# Sunflower seeds and other nuts



## Olivia (Mar 1, 2018)

I've been starting to add sunflower seeds to my low fat, low sugar yogurt. Out of curiosity, I looked up the calorie count in them, and was shocked to find out that 1/4 cup (which is hardly anything) comes to 186 calories. Yikes. 

I like to snack on nuts instead of sugary, fatty stuff. I did kind of know that they were high calorie, but I didn't realize how high. One-fourth cup of almonds is 206 calories (I mostly don't even eat that much more at breakfast) walnuts, 183 calories, and peanuts, 206 calories. It's easy to eat 1/4 cup of anything if you're not careful. 

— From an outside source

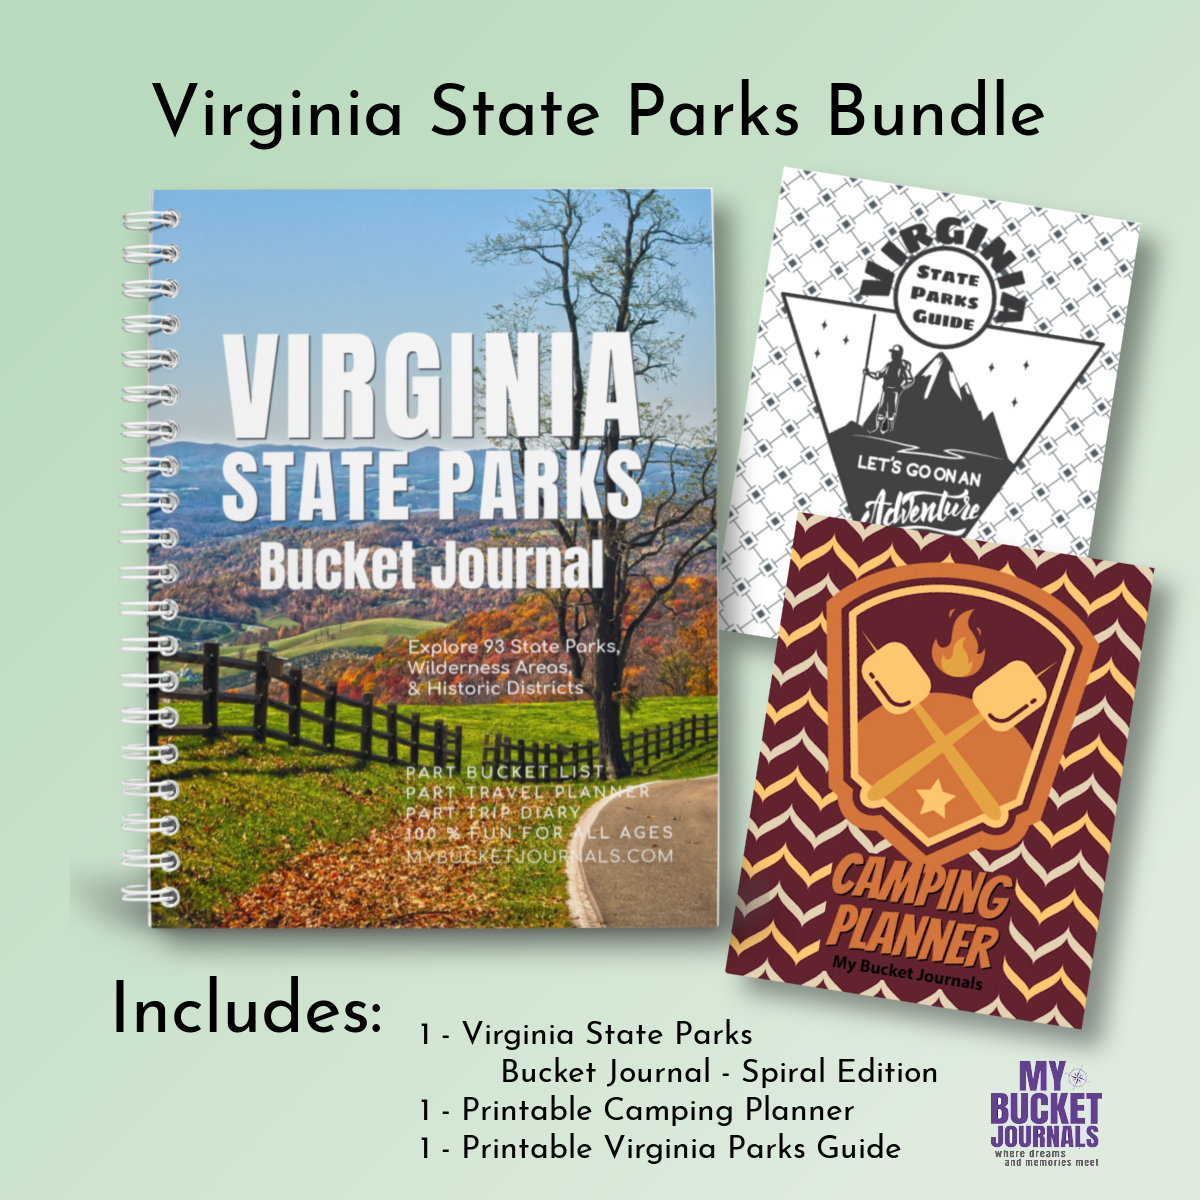 Virginia State Parks Bucket Journal - Spiral

I know nuts have heart-healthy fats, but you've go to be careful with them, I sadly learned.


----------



## Don M. (Mar 1, 2018)

I've had the sunflower seed "habit" for years.  I always keep a cup by the computer, and munch on them frequently....But, I buy the regular seeds (with shells), so I spend far more time crunching the shell, than I do eating the seed.  That way, I get the pleasure of a small handful of seeds, without overdoing it.


----------



## Ruth n Jersey (Mar 1, 2018)

I do the same as Don M.,I buy with the shells. I also do that with pumpkin seeds. I love unsweetened dried fruit and was eating that like crazy until I saw the calorie count. Even raisins are loaded. Sometimes I think I'll chew the bark off my apple tree. I bet even that has calories.


----------



## chic (Mar 2, 2018)

Seeds and nuts are high in fat content which makes them high cal. as well.


----------



## Mizzkitt (Mar 2, 2018)

I never realized they were that high in calories, no wonder the chipmunks I was feeding them to need to go on a diet.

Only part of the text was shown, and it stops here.